START Records for the task

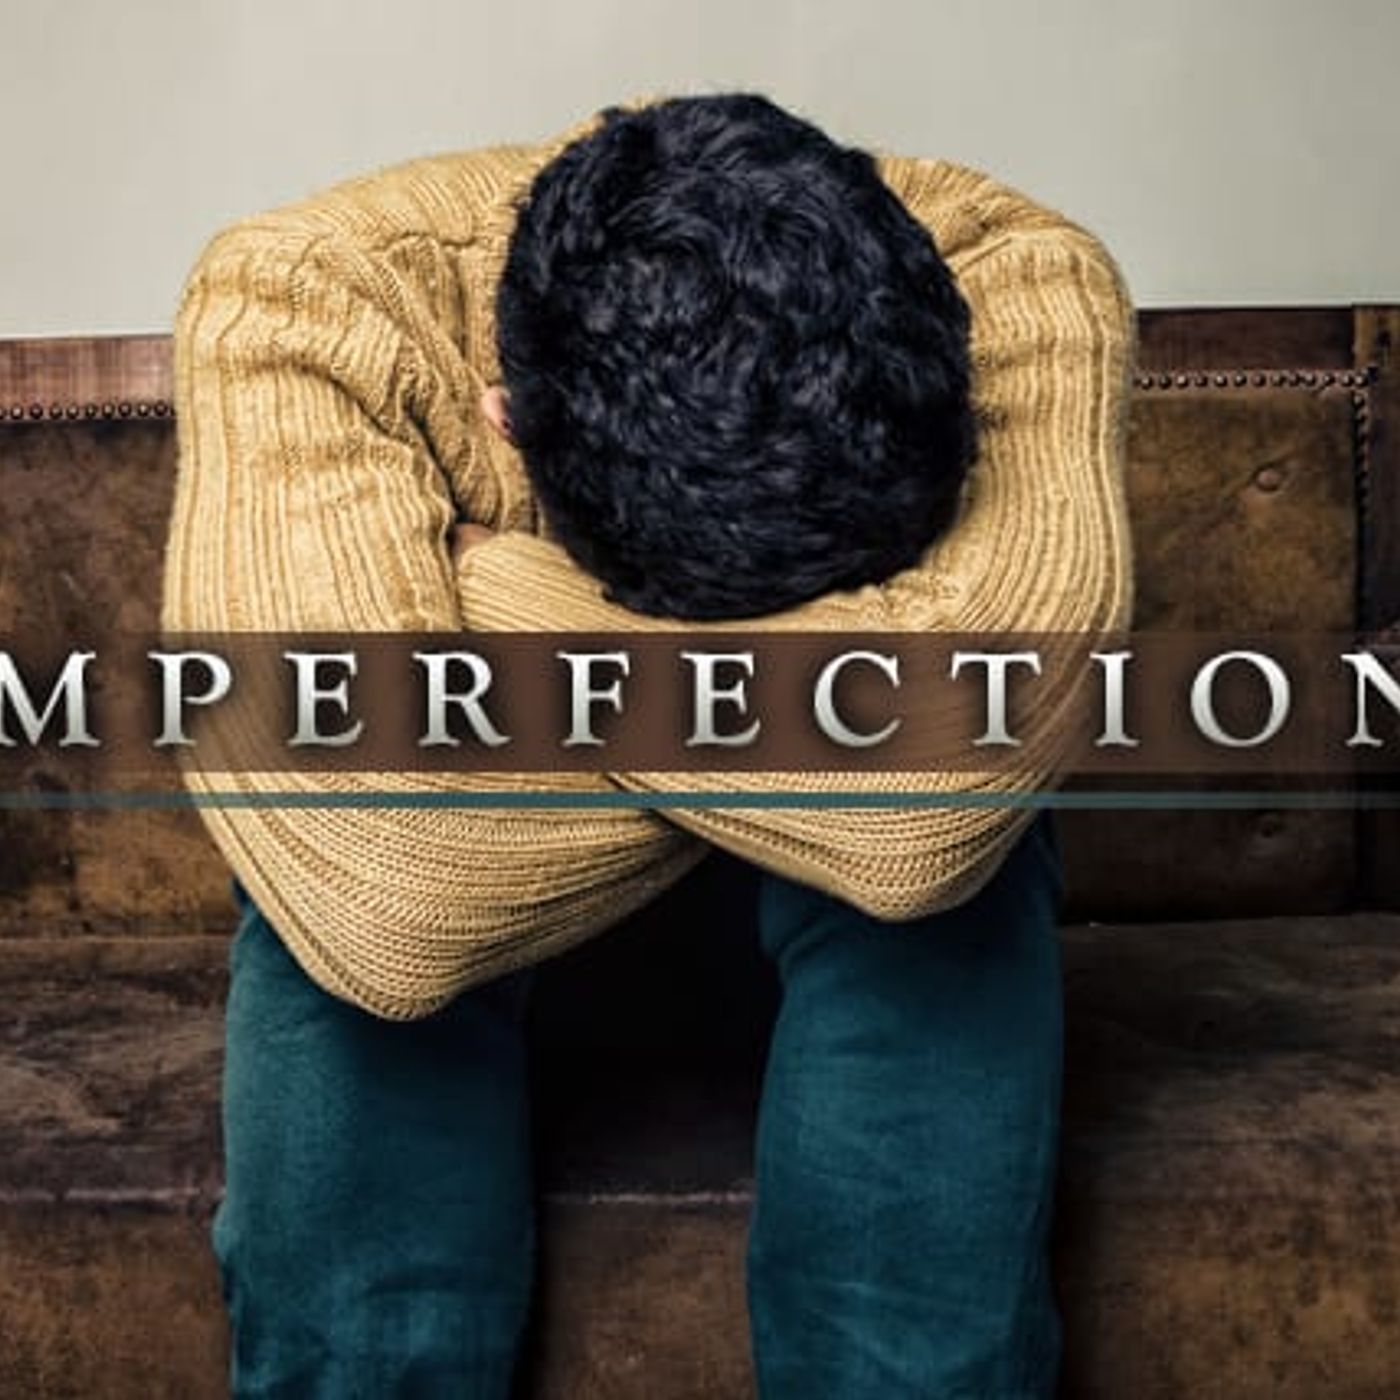 How should we view our Imperfections?
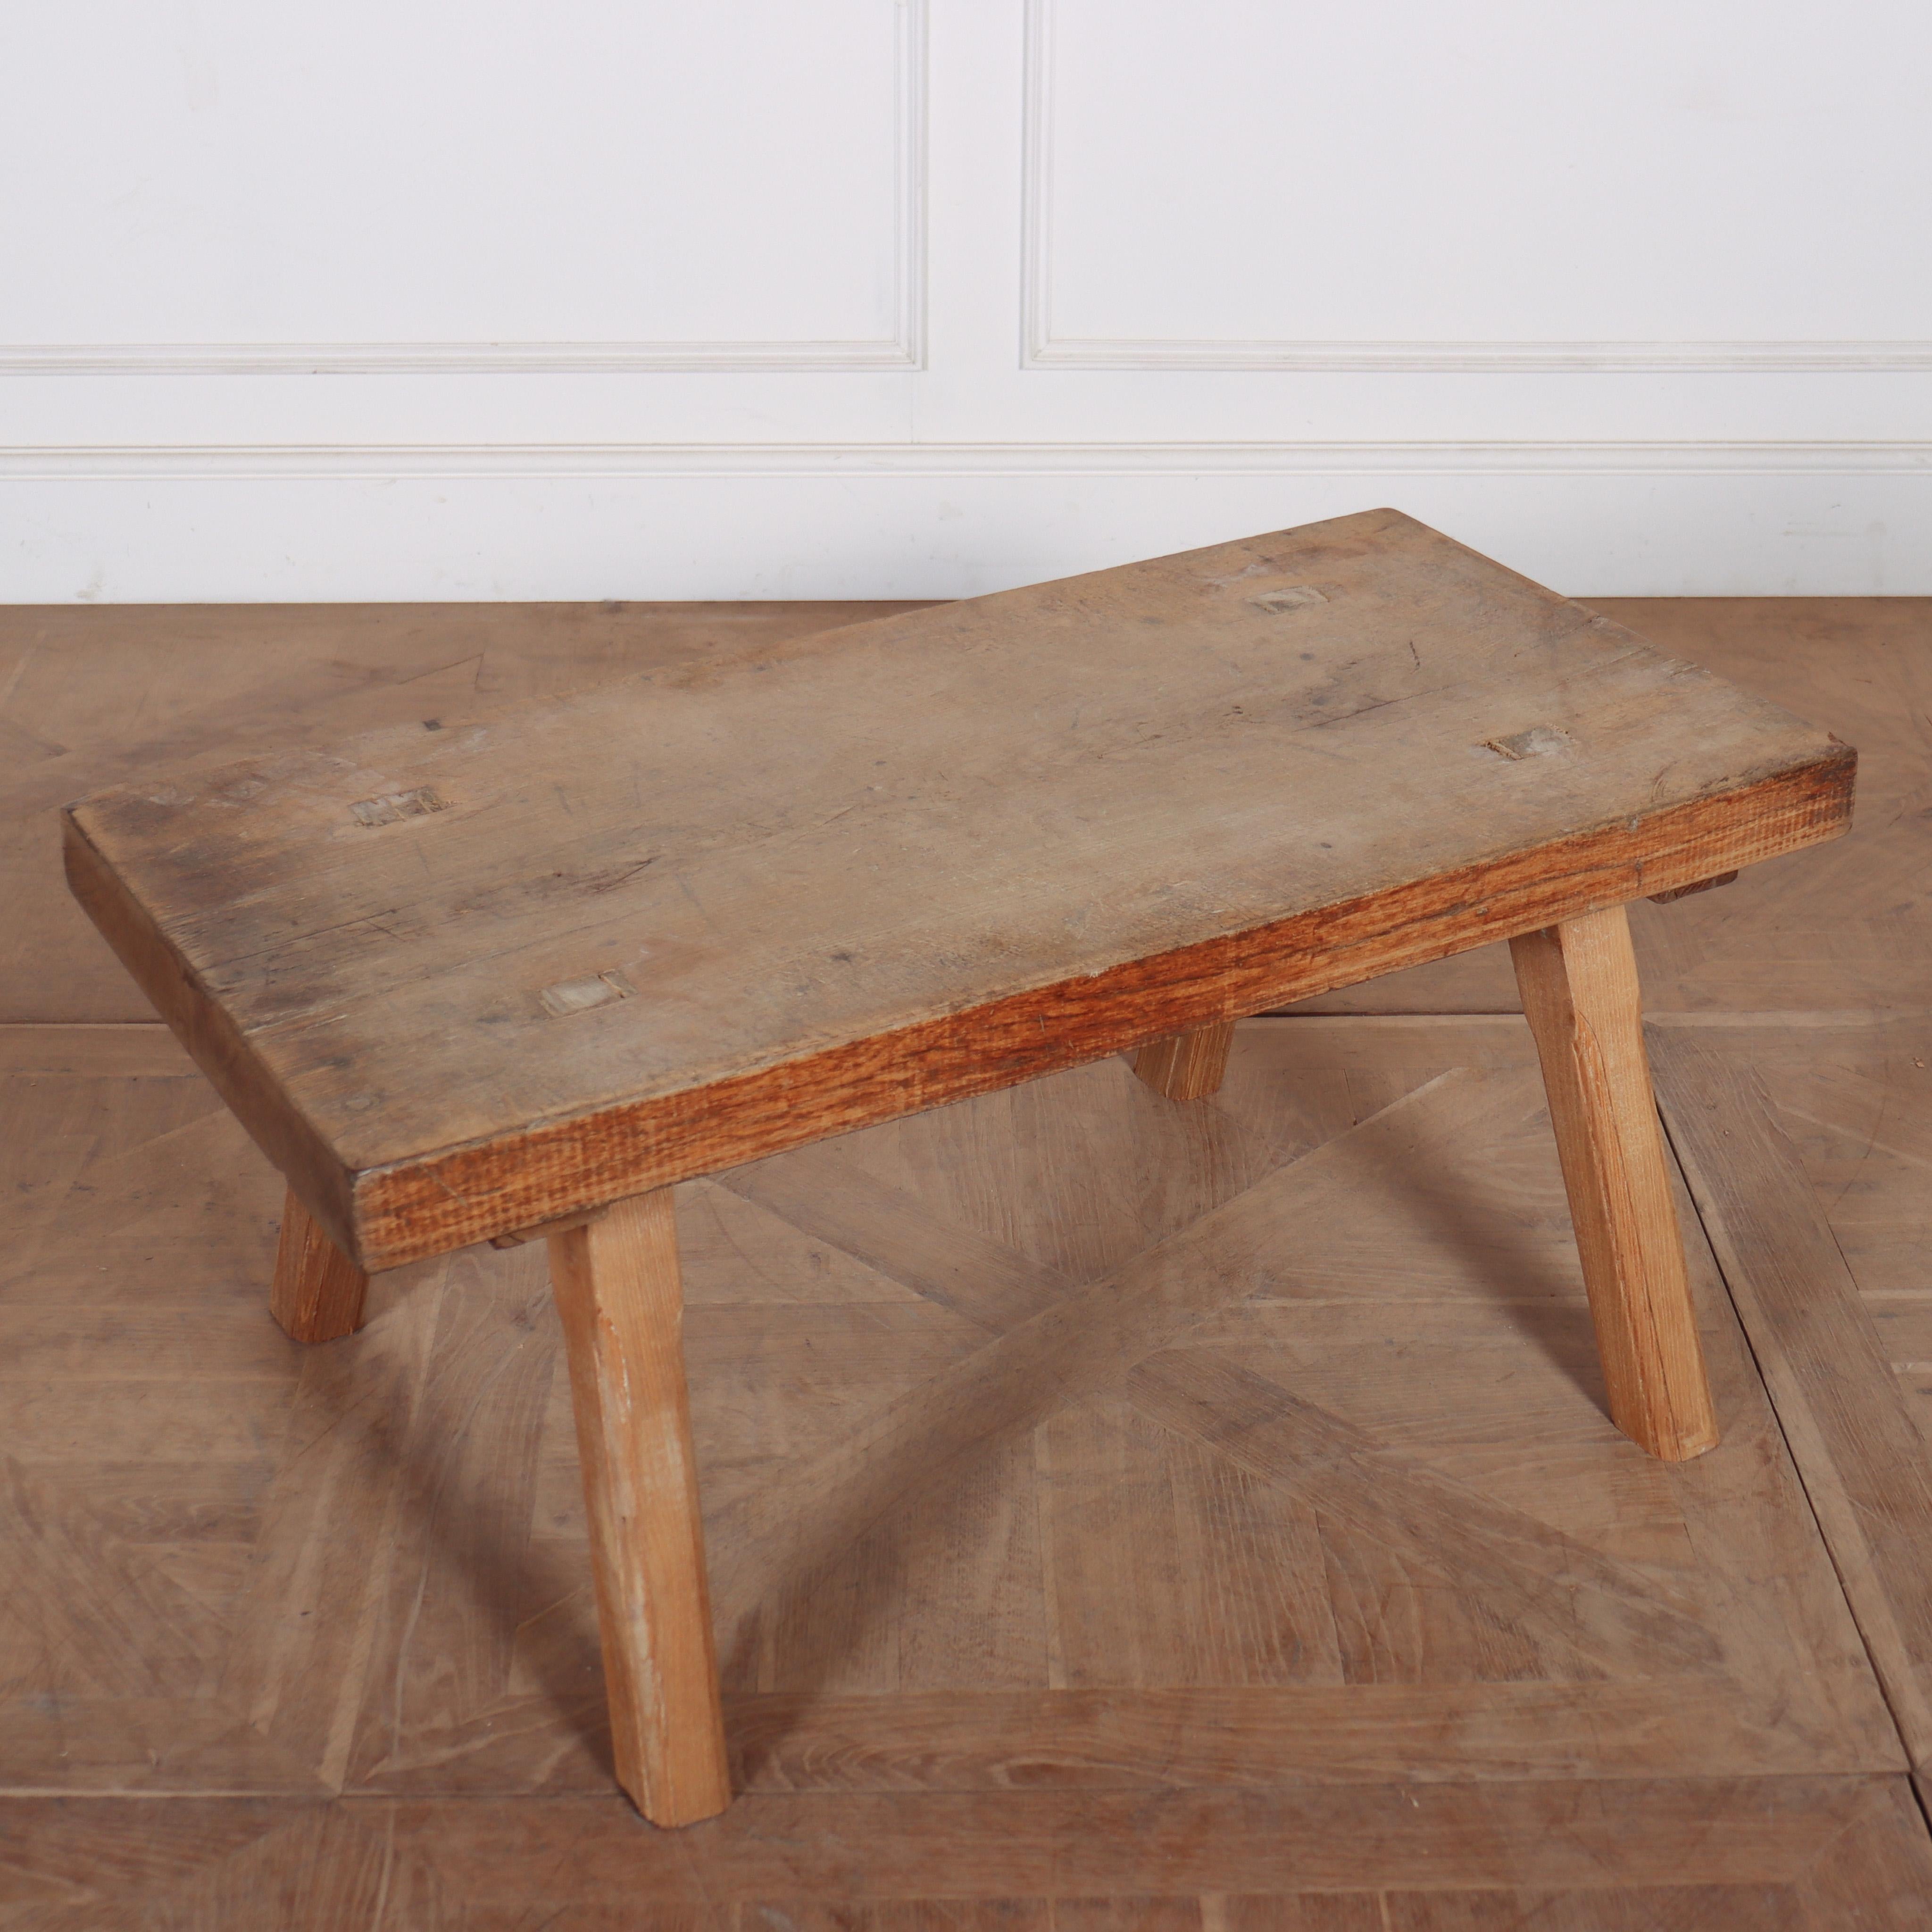 Nice French primitive oak low table / coffee table with a thick scrubbed top. 1890.

Reference: 8031

Dimensions
40 inches (102 cms) Wide
25 inches (64 cms) Deep
18.5 inches (47 cms) High

END Records for the task

Instructions for the task:
If a line in the entries holds the string "inches", copy it.

Answer area:
40 inches (102 cms) Wide
25 inches (64 cms) Deep
18.5 inches (47 cms) High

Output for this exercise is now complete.